As you know, mfapy is a Python toolbox for metabolic flux analysis. This guide will take you through being able to use the package as though you are starting from scratch. Skip to the parts that are relevant.
VSCode is my preferred text editor for a few reasons. It's relatively simple, integrated terminal (which will be useful later), some built-in support for debugging code (different than R, but I find it more useful), tons of extensions for additional functionality (such as more intelligent code error flagging), and my favorite: support for different languages (ex. Python and Jupyter notebooks!), integration with Git, etc.
- You can download VSCode here
- Once you've downloaded VSCode, click the 'extensions' button on the left-hand side panel (or
shift + cmd + X). Search for and install:- Python (this installs support for python in VSCode, not python itself)
- Jupyter
- Install Homebrew, a package manager for MacOS. Open your terminal and type
brew install python. - Or download from the Python website.
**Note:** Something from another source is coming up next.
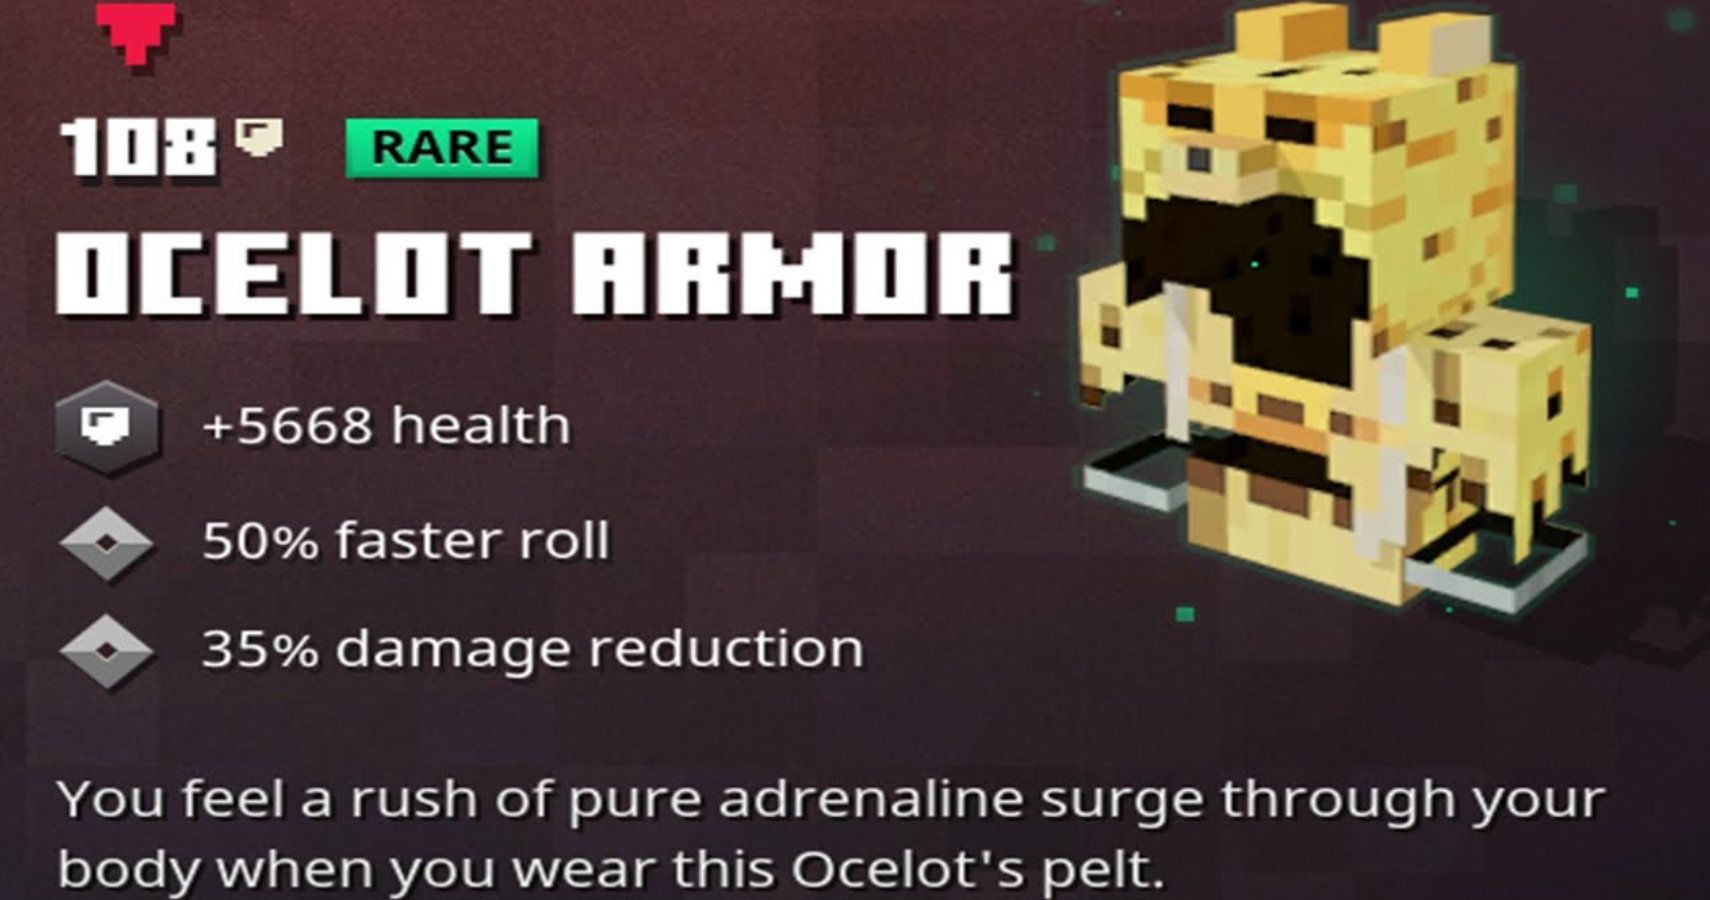 Minecraft Guide - All the Best Armor Enchantments - GameSpot

Git is a version control system. For the purposes of mfapy, it allows us to download the source code easily.
- If you have MacOS/homebrew, open your terminal and type
brew install git. - Or download for Windows here
Consider the following folder structure:
Some_awesome_folder/
├── Data/
│ └── readme.md
├── Projects/
│ └── Awesome_Metabolite_Analysis/
└── Source_Code/
└── mfapy
Say you want to download the mfapy source code to the Source_Code folder. You'll have to:
- use the
cdcommand to get to this directory. Ex.cd path/to/Source_Code - Type
git clone https://github.com/fumiomatsuda/mfapy.git. This will dowload all the files from the mfapy github
- Say you want the folder for your metabolite analysis in your
Projectsfolder. I would create theAwesome_Metabolite_Analysisas a subdirectory inProjects, then open VSCode, select the open folder option, and then select../Projects/Awesome_Metabolite_Analysis.
A virtual environment is a tool that allows you to create isolated environments for your projects. Essentially, if you want to work with pandas dataframes, you can install pandas to your global environment (any time you attempt to use pandas it may try to use whatever version you have here).
Alternatively, you can install it into your virtual environment. When you import pandas, this time it will import the version you have installed in your venv, ensuring no dependency issues as packages update when you try to run this code in a couple years. It's extra work, but it's good practice to avoid conflicts.
- Once you've opened your
Awesome_Metabolite_Analysisfolder in VSCode, open the terminal in VSCode (click terminal in the top panel, then 'new terminal'). You can create a virtual environment by typingpython3 -m venv venvin your VSCode terminal.- If on Windows, type
venv/Scripts/activate - If on macOS, type
source venv/bin/activate
- If on Windows, type
If you've activated your virtual environment, then packages will install to it! You can confirm by the prompt in your VSCode terminal having (venv).
For mfapy, you'll need to type pip3 install jupyter, ipykernel, numpy, scipy, joblib, nlopt, matplotlib.
As an aside, I would also encourage exploring plotly, Justin Bois' iqplot, and bokeh graphing libraries as they support some nice customizability and have hover-interactable data. However, it does look like ggplot is ported to python, however I have not attempted to use it.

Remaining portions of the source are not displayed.